▶ [YOUR OBJECTIVE]: Give again, unaltered, the line with "Master Well COmb.jpg" and all lines that follow it in the listing below, minus any pictures.

▶ [RAW DATA]:
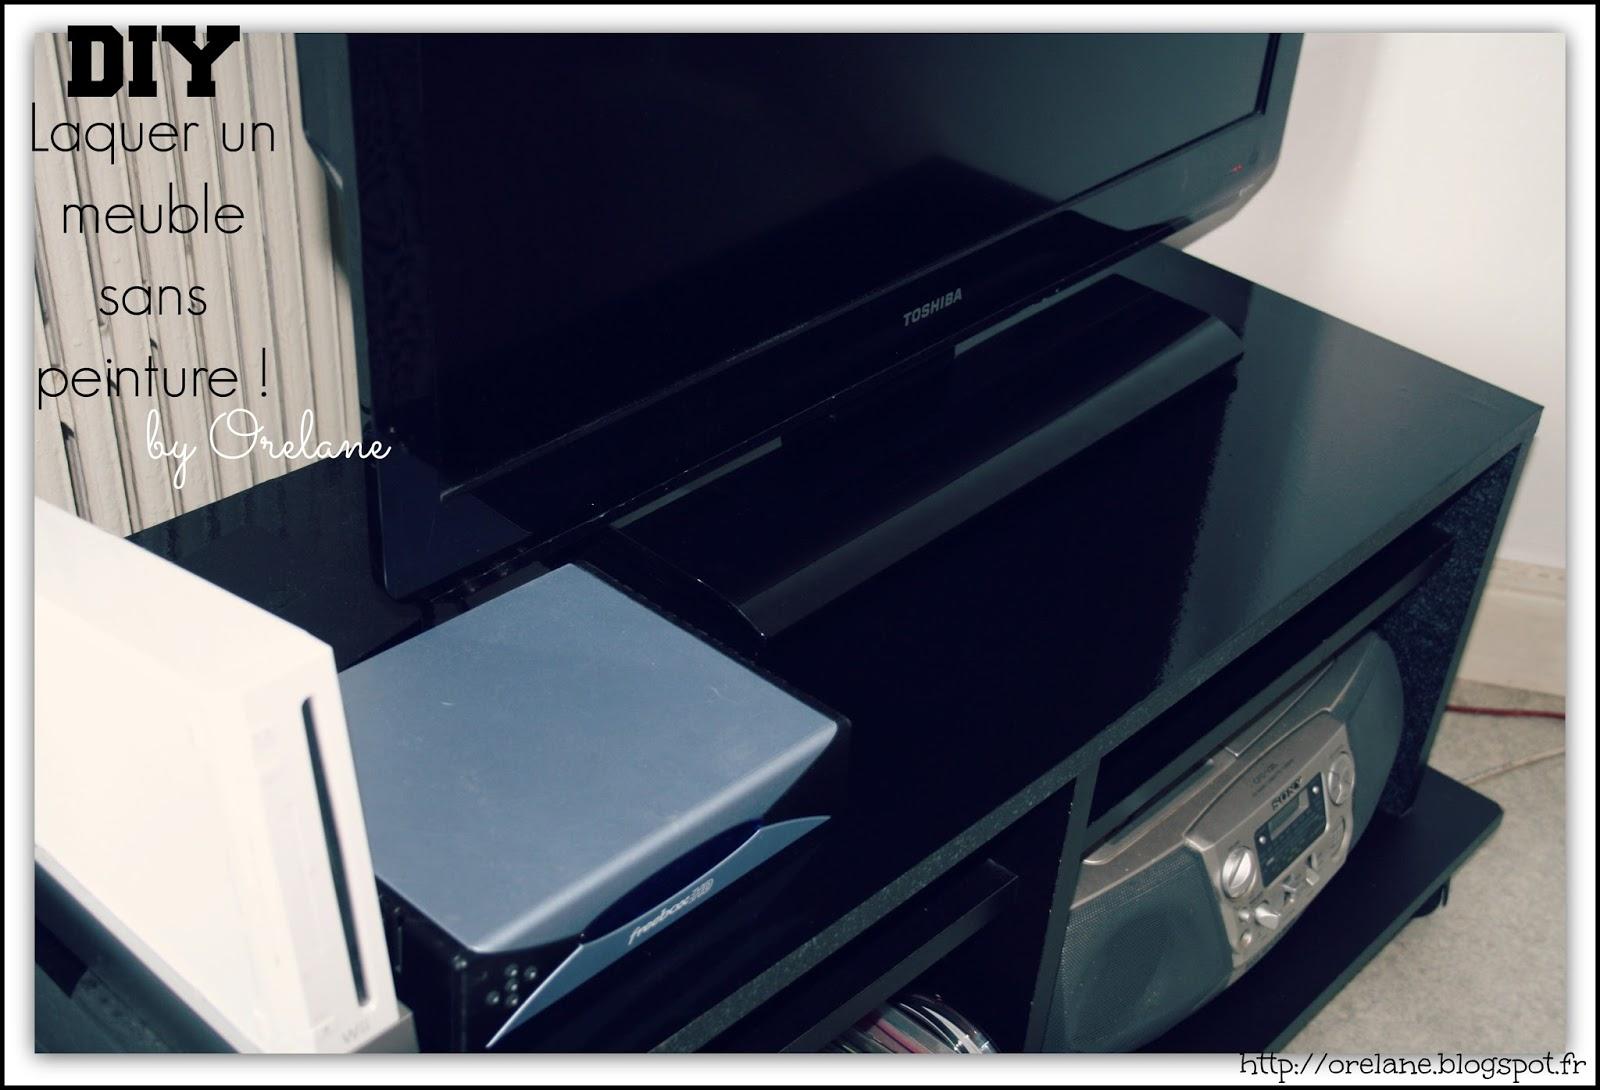 orelane diy laquer un meuble sans peinture. Black Bedroom Furniture Sets. Home Design Ideas
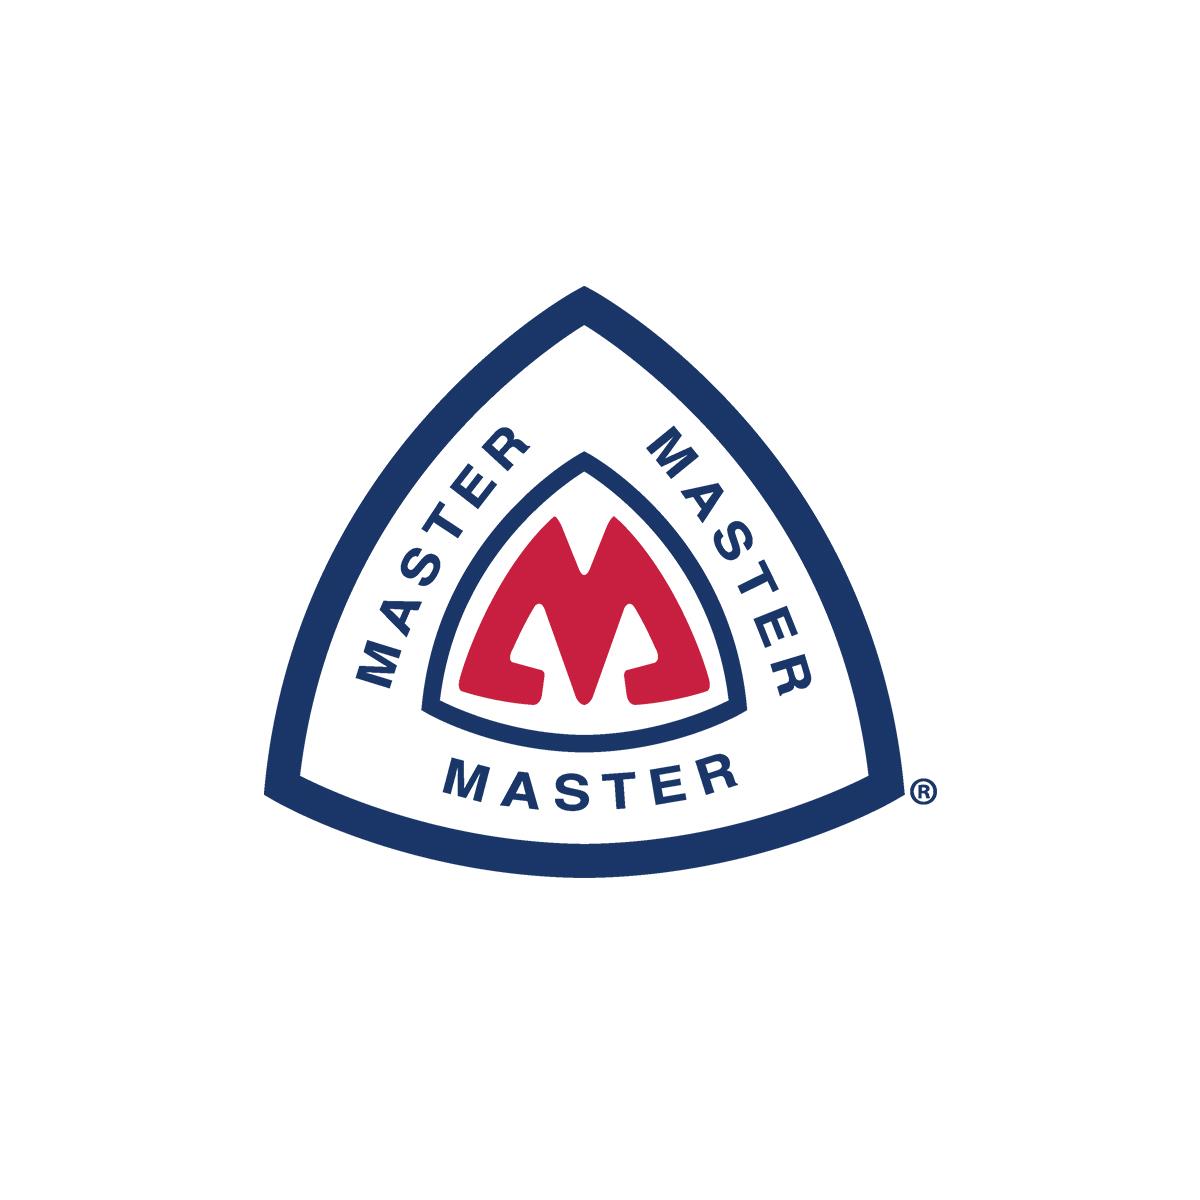 Master Well COmb.jpg
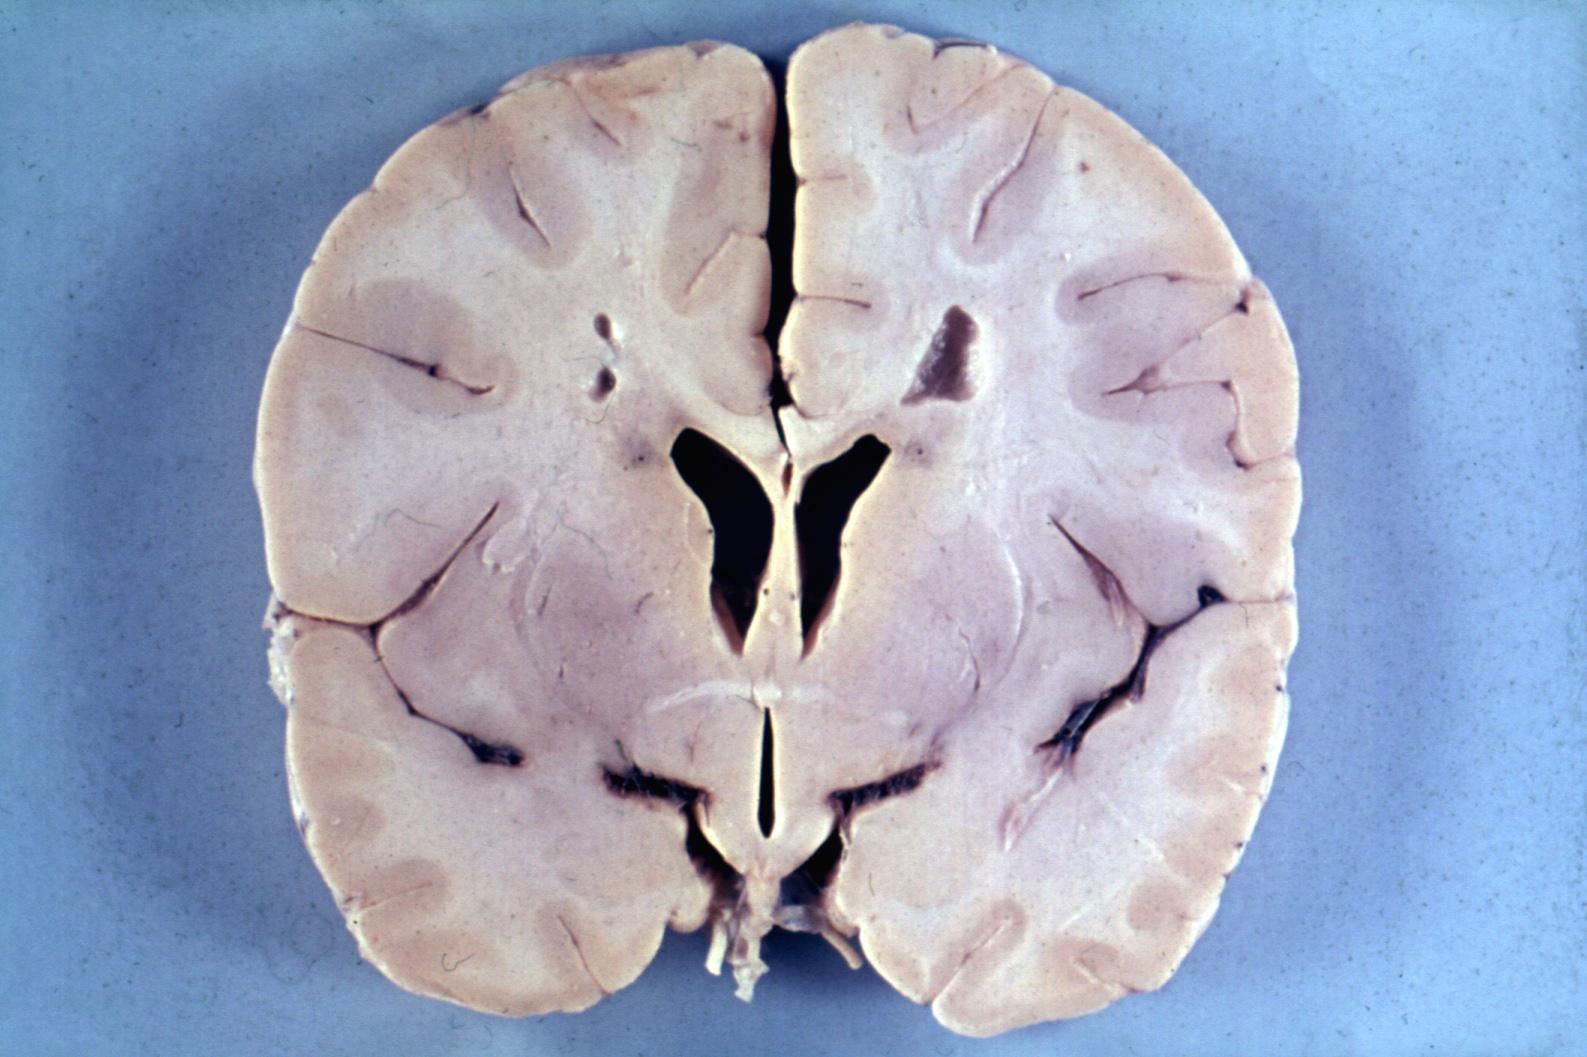 مرض الإسكندر, ماهو مرض الإسكندر, اعراض مرض الإسكندر

▶ [RESPONSE TO THIS TASK]:
 Master Well COmb.jpg
 مرض الإسكندر, ماهو مرض الإسكندر, اعراض مرض الإسكندر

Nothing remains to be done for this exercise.